Kind of like the "if you're in a position where you're matching your smarts against a superintelligent AI, you've already lost" thing - if I'm in a situation where I need to spend mental cycles detecting these kinds of maneuvers, I've already lost. Maybe figuring out how to get out of this environment or how to cut contact with this person takes more effort than just figuring out how to block this particular behavior - but in the long run, unless the cost of getting out is extraordinarily high, or the environment is otherwise extraordinarily valuable, it's still better to pay the cost for getting out. Because the adversaries are just going to keep figuring out new attacks for you to defend against, until you've spent more resources warding off against those attacks, than getting out in the first place would have cost.
This is especially the case if warding against the attacks would by itself destroy value. You seem to be suggesting that establishing norms against communicating needs/intent would help communities stay healthy. But if the problem is that people are misusing the act of communicating needs/intent, then the right response to that is to kick out the people who are acting as adversarial agents. The right response is not to destroy value and make the community less effective, by banning an action that makes everyone better off when it's used by cooperative agents.
Again, I acknowledge that sometimes people genuinely are stuck in environments where they can't get out. And in those environments, okay, maybe establishing such a norm is the least bad option. But that still doesn't mean that the norm would be a good idea in general.

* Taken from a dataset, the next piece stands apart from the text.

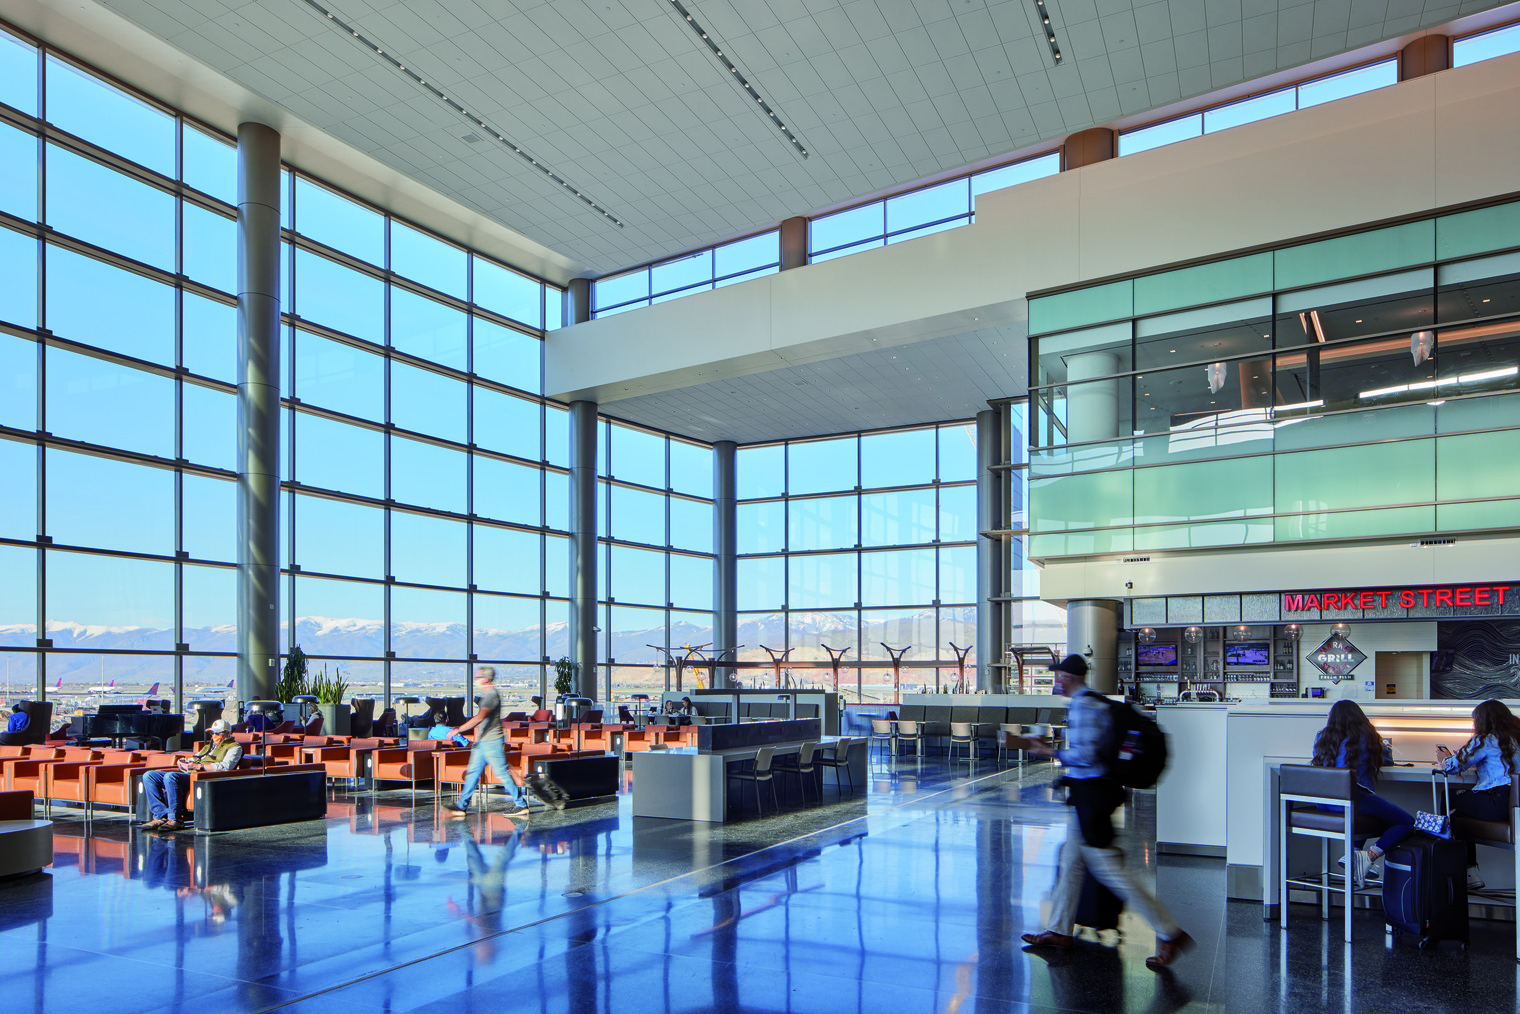 50-ft. Windows at Salt Lake City International Airport - Bruce Damonte Photography
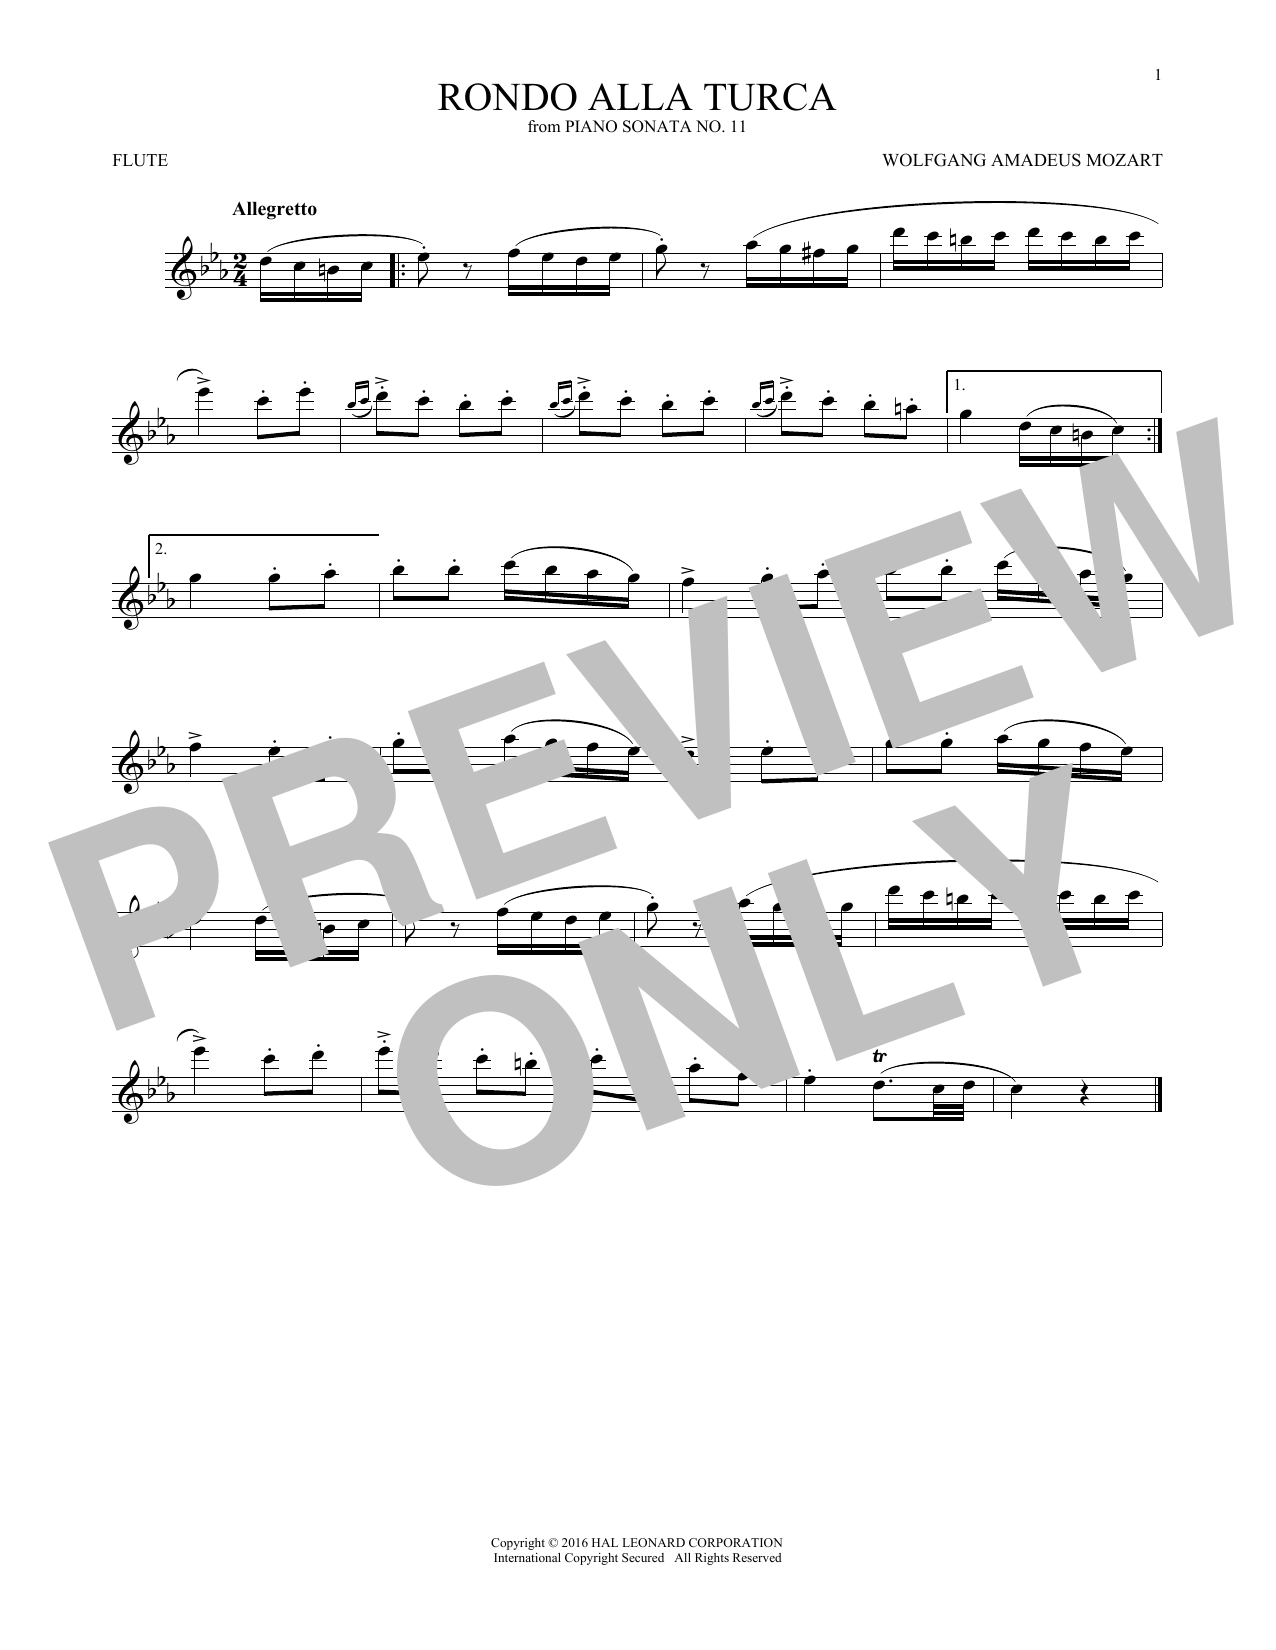 Wolfgang Amadeus Mozart Rondo Alla Turca sheet music notes printable PDF score

I'm not clear on what distinction you're drawing. My best guess is that by distinguishing "may give them an opportunity to do the bad thing" from "is how the bad thing happens", you might be saying "communicating the need always shifts the request into the third category", but that seems clearly false to me. Someone elaborating on their bigger goal in a Stack Overflow question doesn't make them less indebted to people who answer the question; if anything, it may make the asker more indebted, since those people may now have given them an even more useful answer. So I guess you mean something else, but I don't know what.